Every line below is to be set down again exactly; any image stays out.

* EXERCISE DATA
>>>

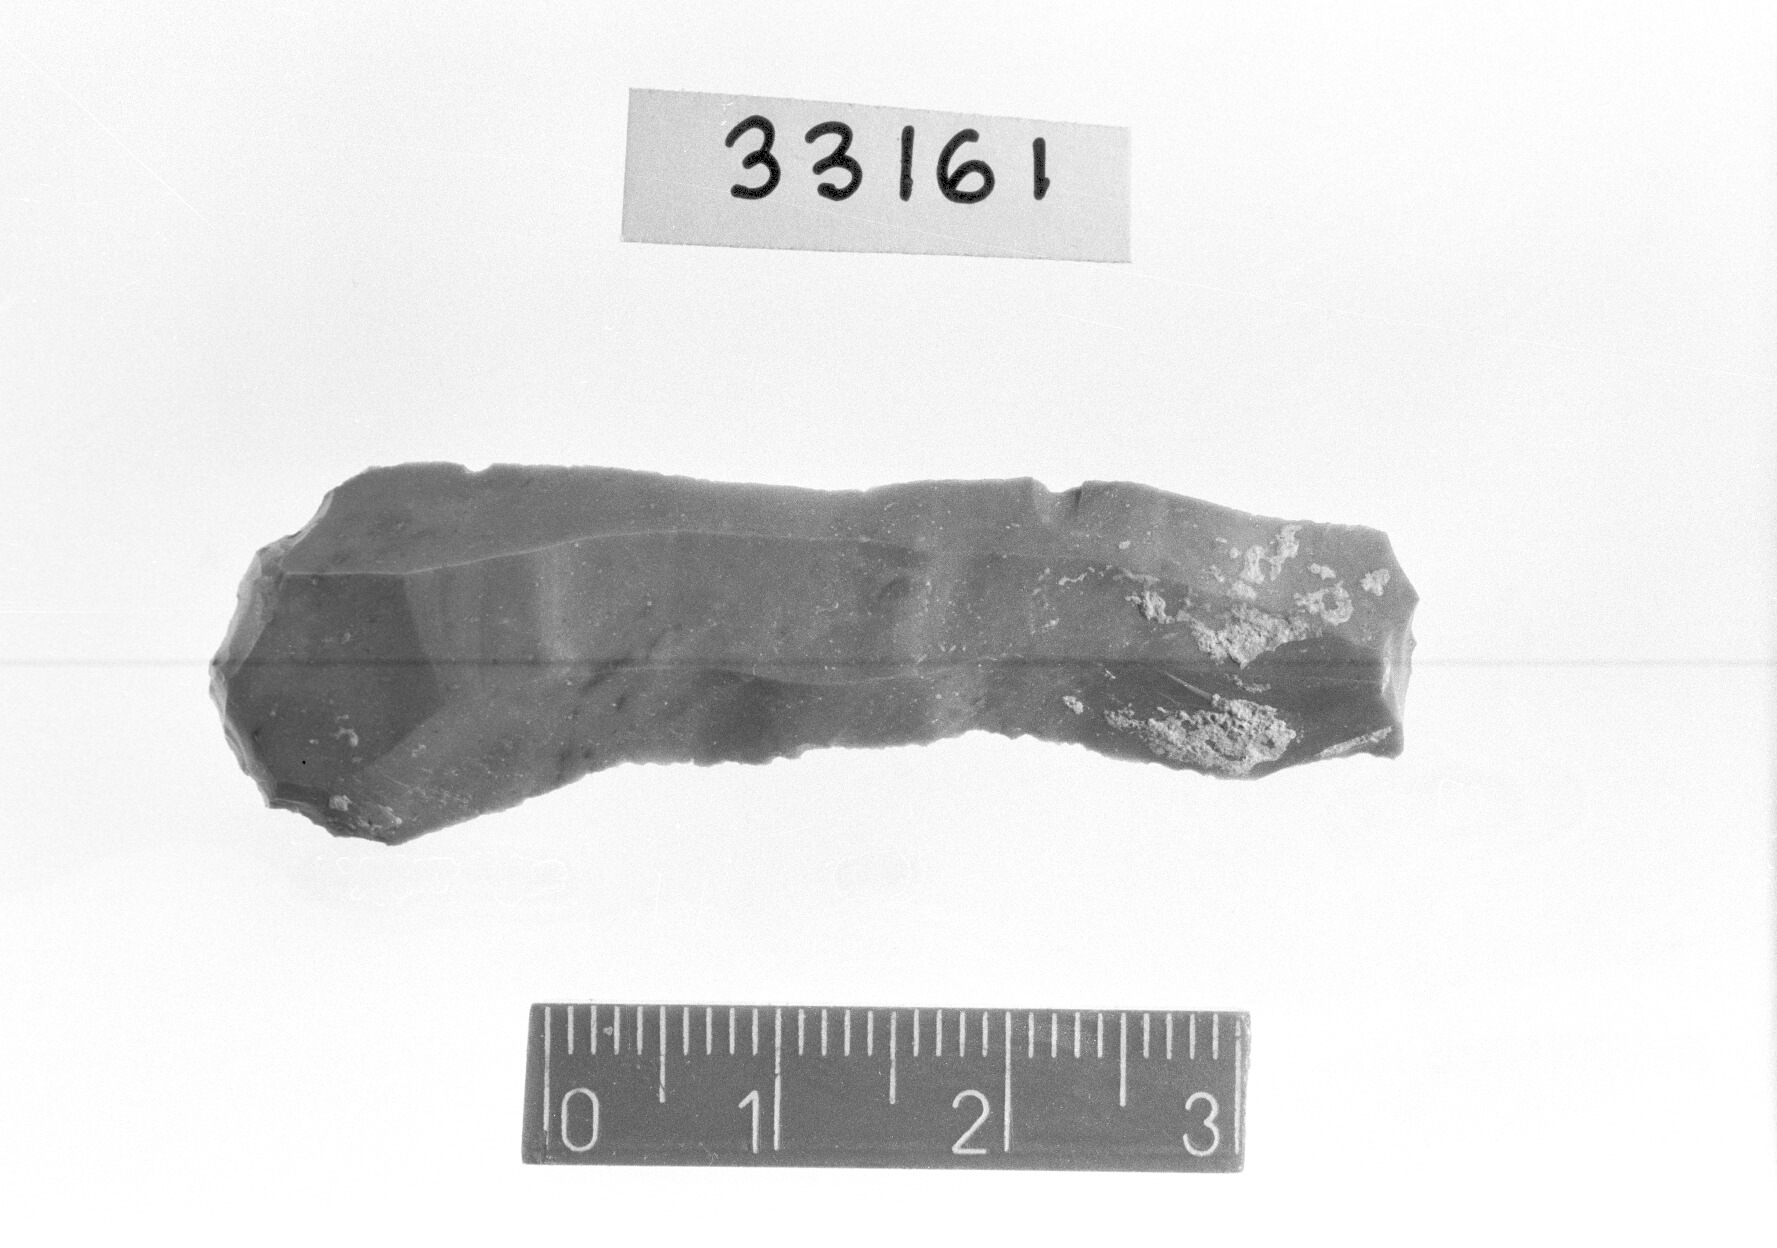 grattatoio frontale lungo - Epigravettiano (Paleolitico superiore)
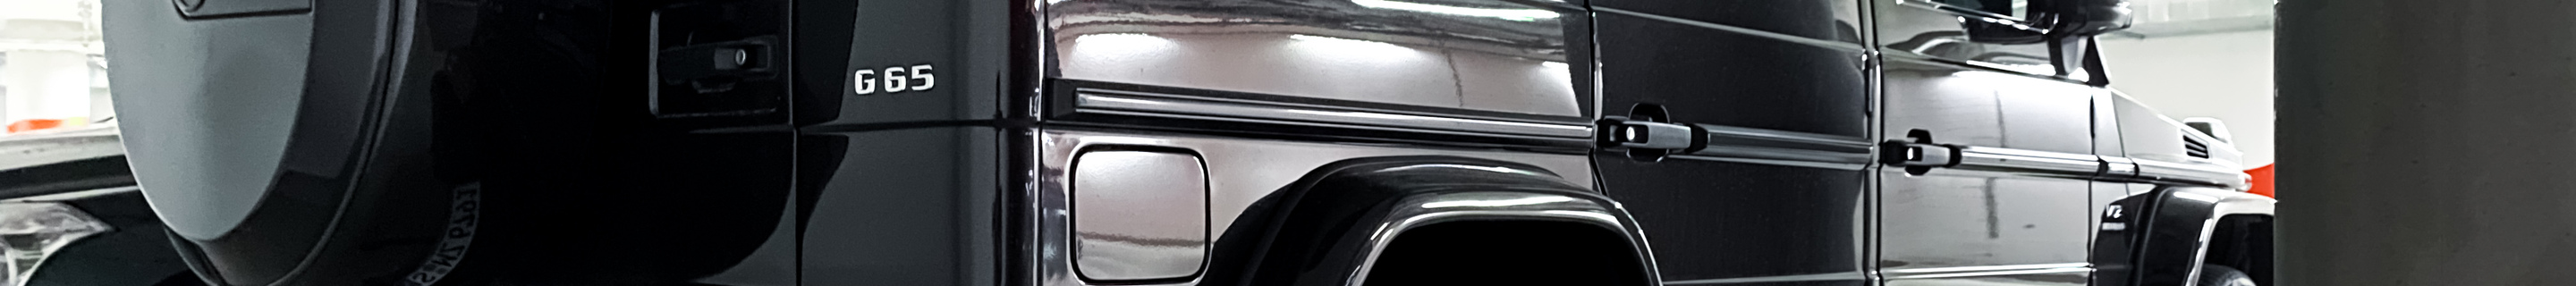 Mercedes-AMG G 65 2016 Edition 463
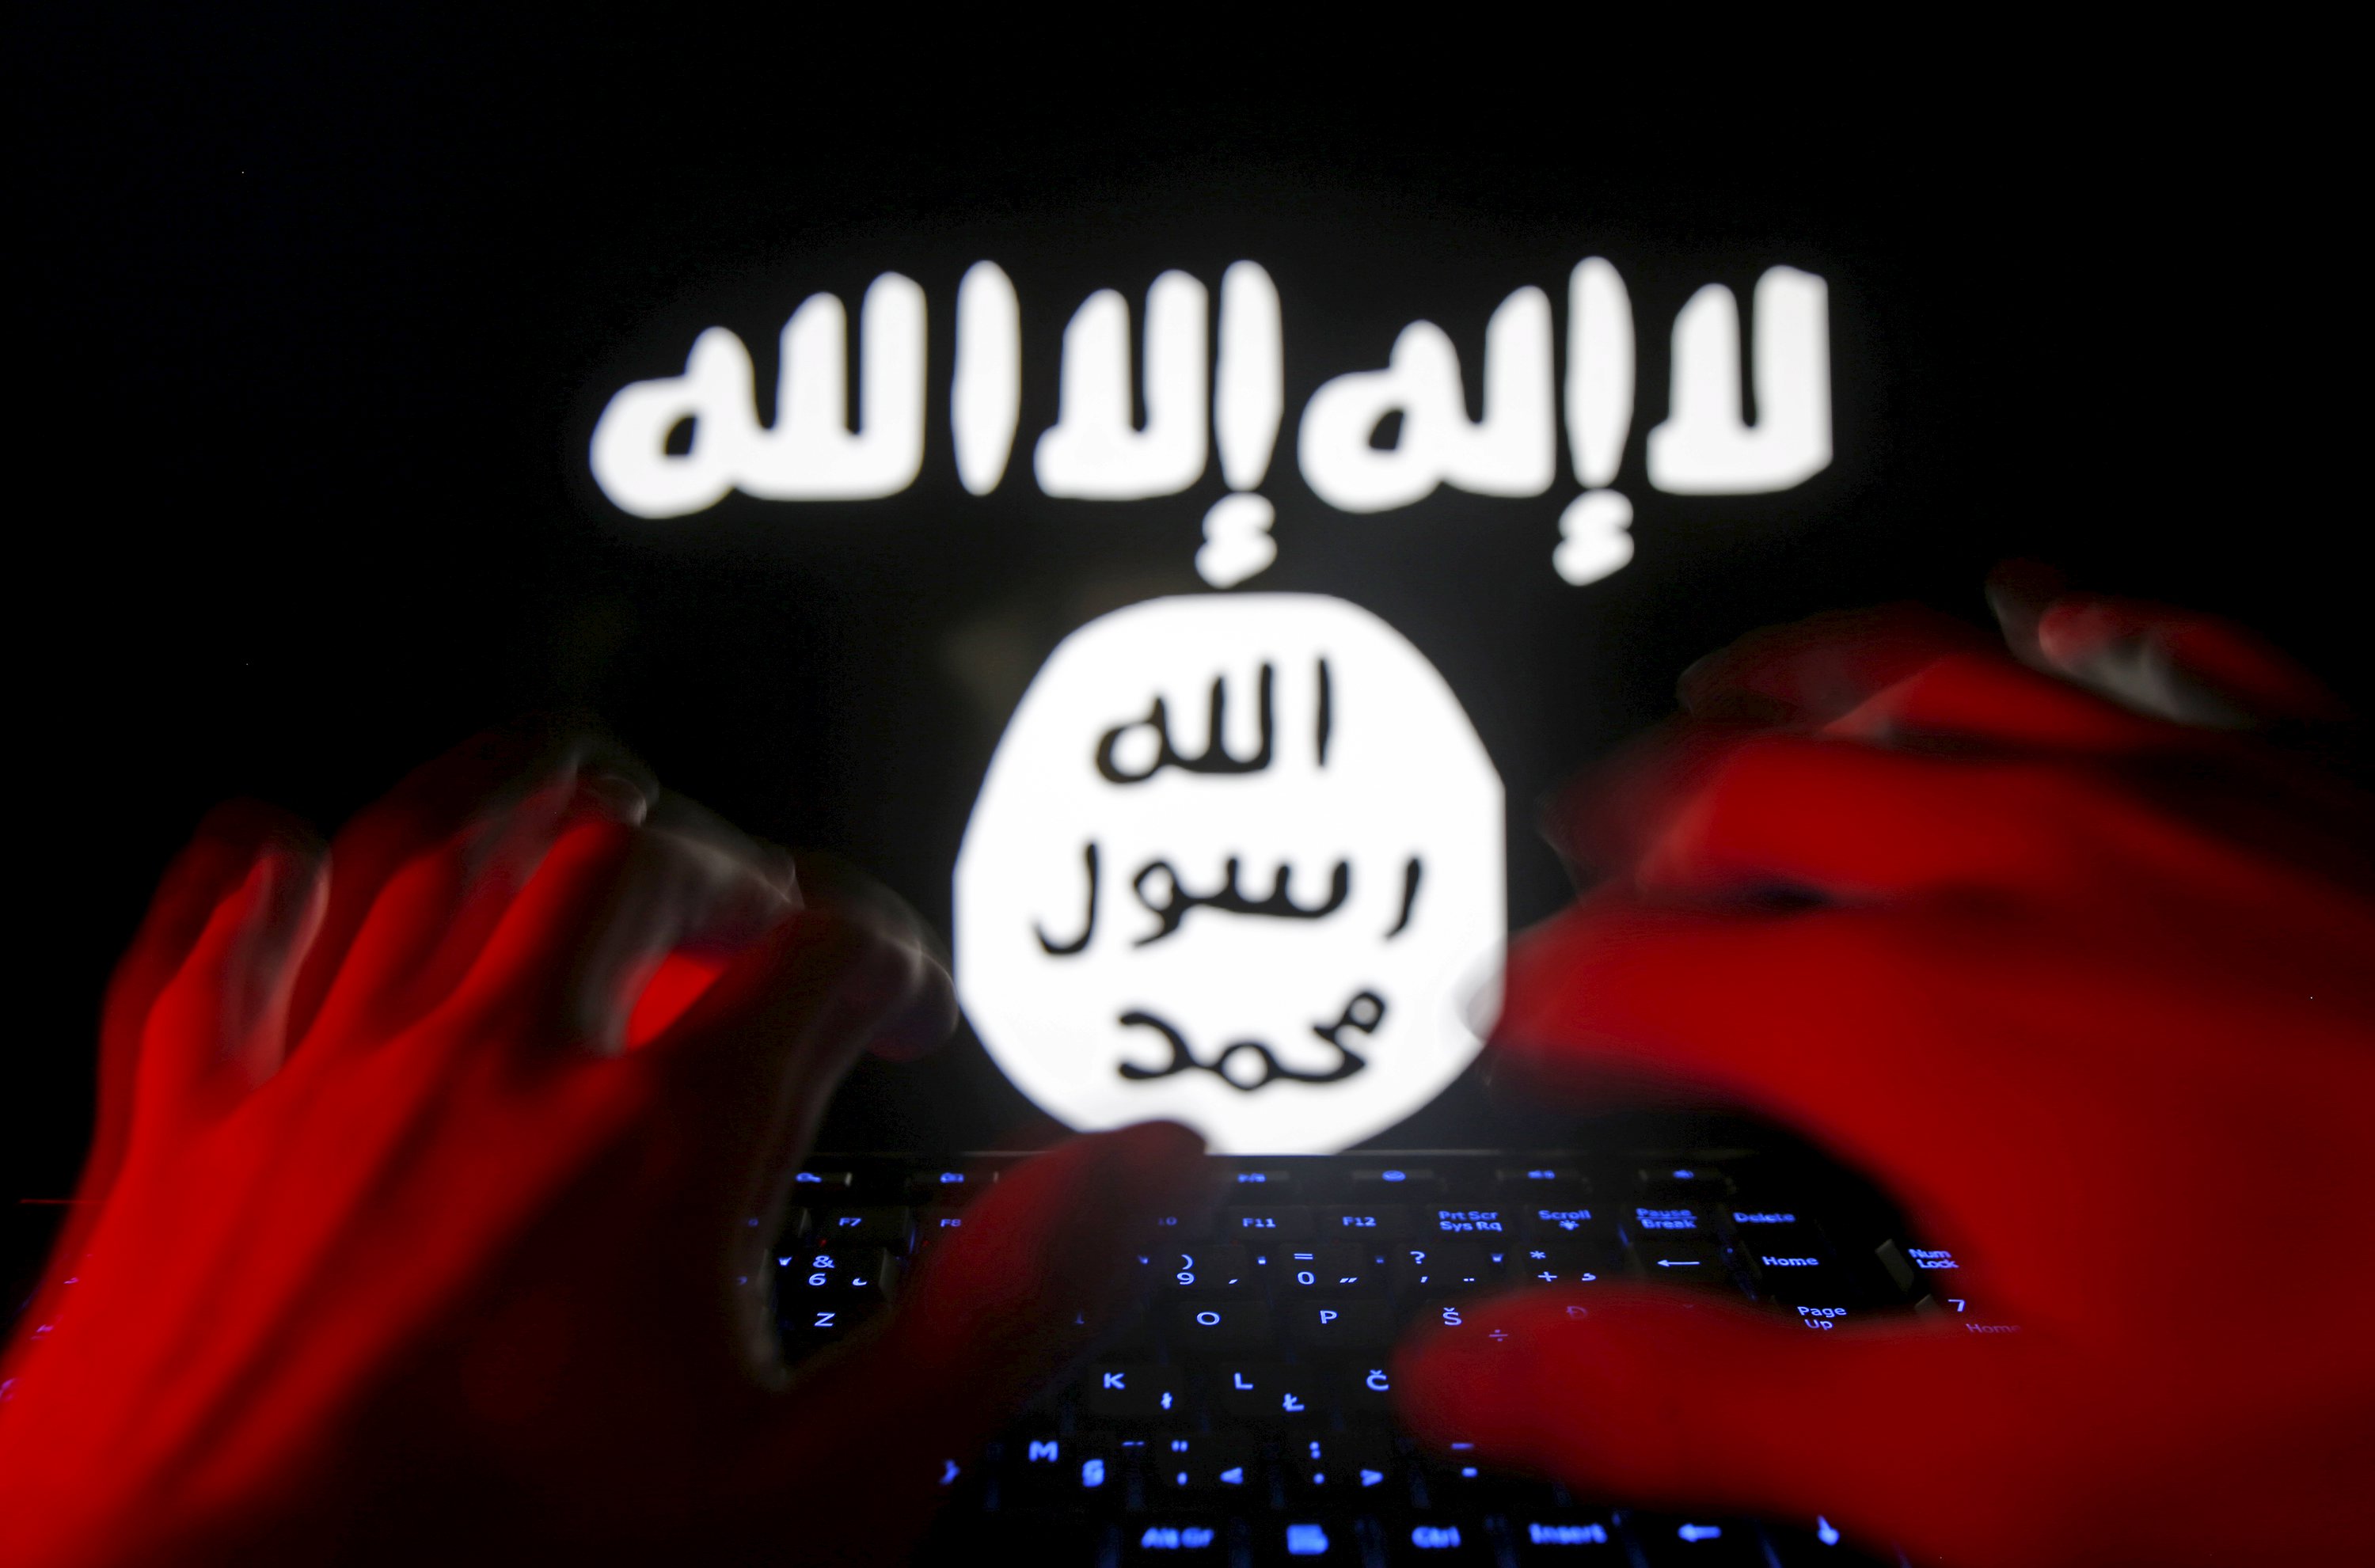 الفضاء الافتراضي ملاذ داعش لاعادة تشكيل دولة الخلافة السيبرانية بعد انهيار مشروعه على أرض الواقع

<<<

* ANSWER BOX
 grattatoio frontale lungo - Epigravettiano (Paleolitico superiore)
 Mercedes-AMG G 65 2016 Edition 463
 الفضاء الافتراضي ملاذ داعش لاعادة تشكيل دولة الخلافة السيبرانية بعد انهيار مشروعه على أرض الواقع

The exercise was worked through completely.